Today we commemorate the birthday of John Ronald Reuel Tolkien, born 130 years ago on January 3, 1892. And today, as the works of so many of his contemporaries are being forgotten or relegated to reading lists for specialized literature courses, Tolkien’s two great masterpieces, The Hobbit (1937) and The Lord of the Rings (1954–1955), continue to live on — on the page and screen, and in the hearts of millions of readers all over the world.
So why have Tolkien’s works not just survived but actually increased in popularity in the decades since their release?
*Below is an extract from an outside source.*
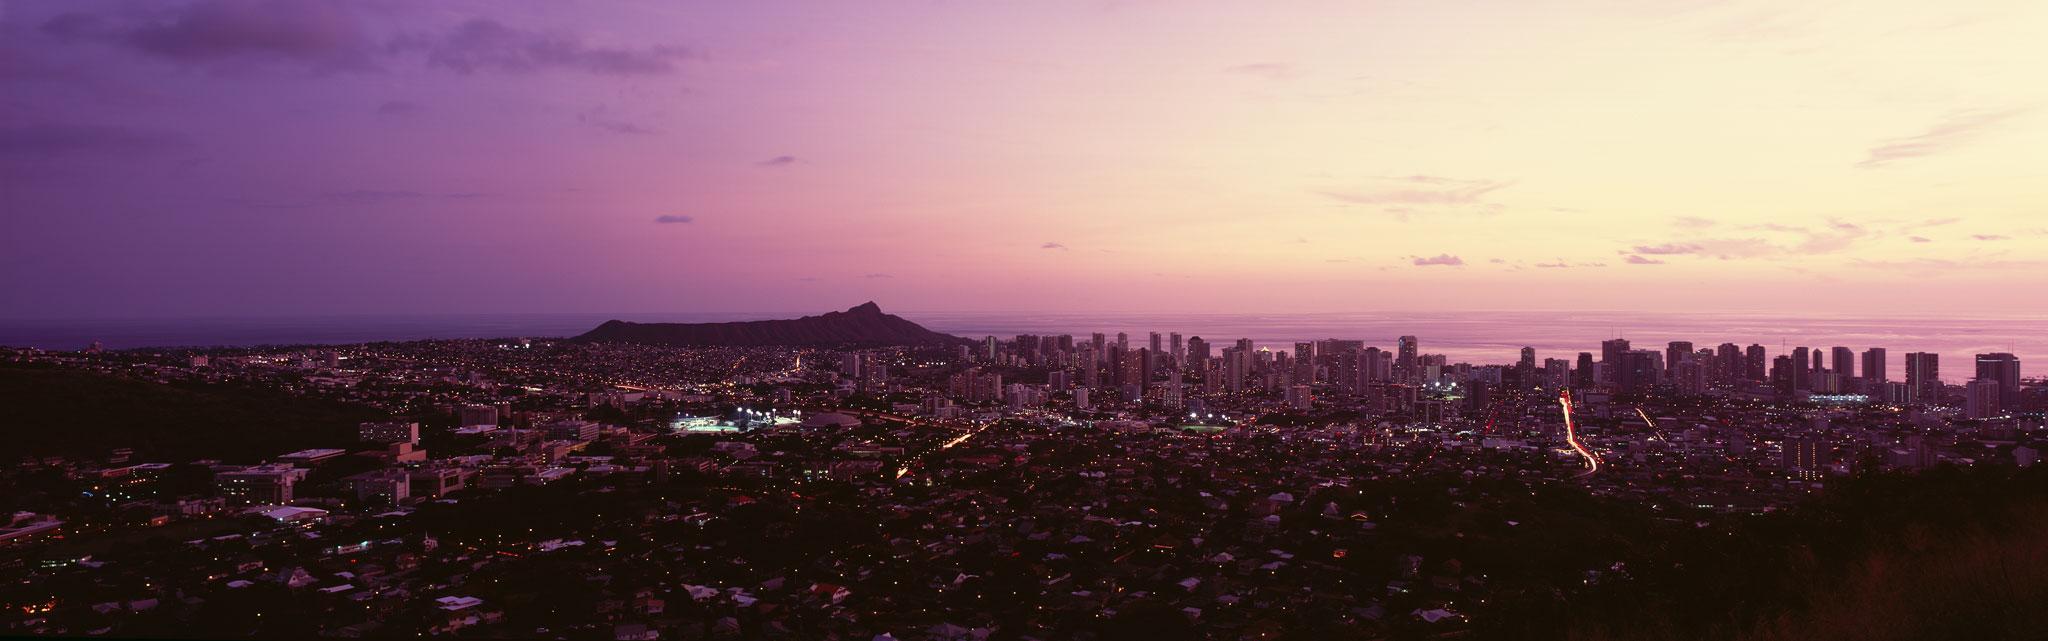 Honolulu from Tantalus : Oahu

We could point to their intricately woven plots, unforgettable characters, amazing settings, and wonderful descriptions, but none of these elements can adequately explain the passion that Tolkien readers typically display, or their desire to reread these long narratives again and again. For a better answer, we might look below the surface and ask, What makes Middle-earth the kind of world so many readers long for?
On December 2, 1953, Tolkien typed out a fairly short, five-paragraph letter to his good friend Father Robert Murray, which would go on to become the most cited of all his collected letters. Father Murray had read and commented on parts of The Lord of the Rings and had reported that the work had left him with strong sense of a “positive compatibility with the order of Grace” (The Letters of J.R.R. Tolkien, 171–72).
Tolkien responded that he thought he understood exactly what Murray meant. Then he made his now-famous, often-quoted declaration: “The Lord of the Rings is of course a fundamentally religious and Catholic work; unconsciously so at first, but consciously in the revision” (172).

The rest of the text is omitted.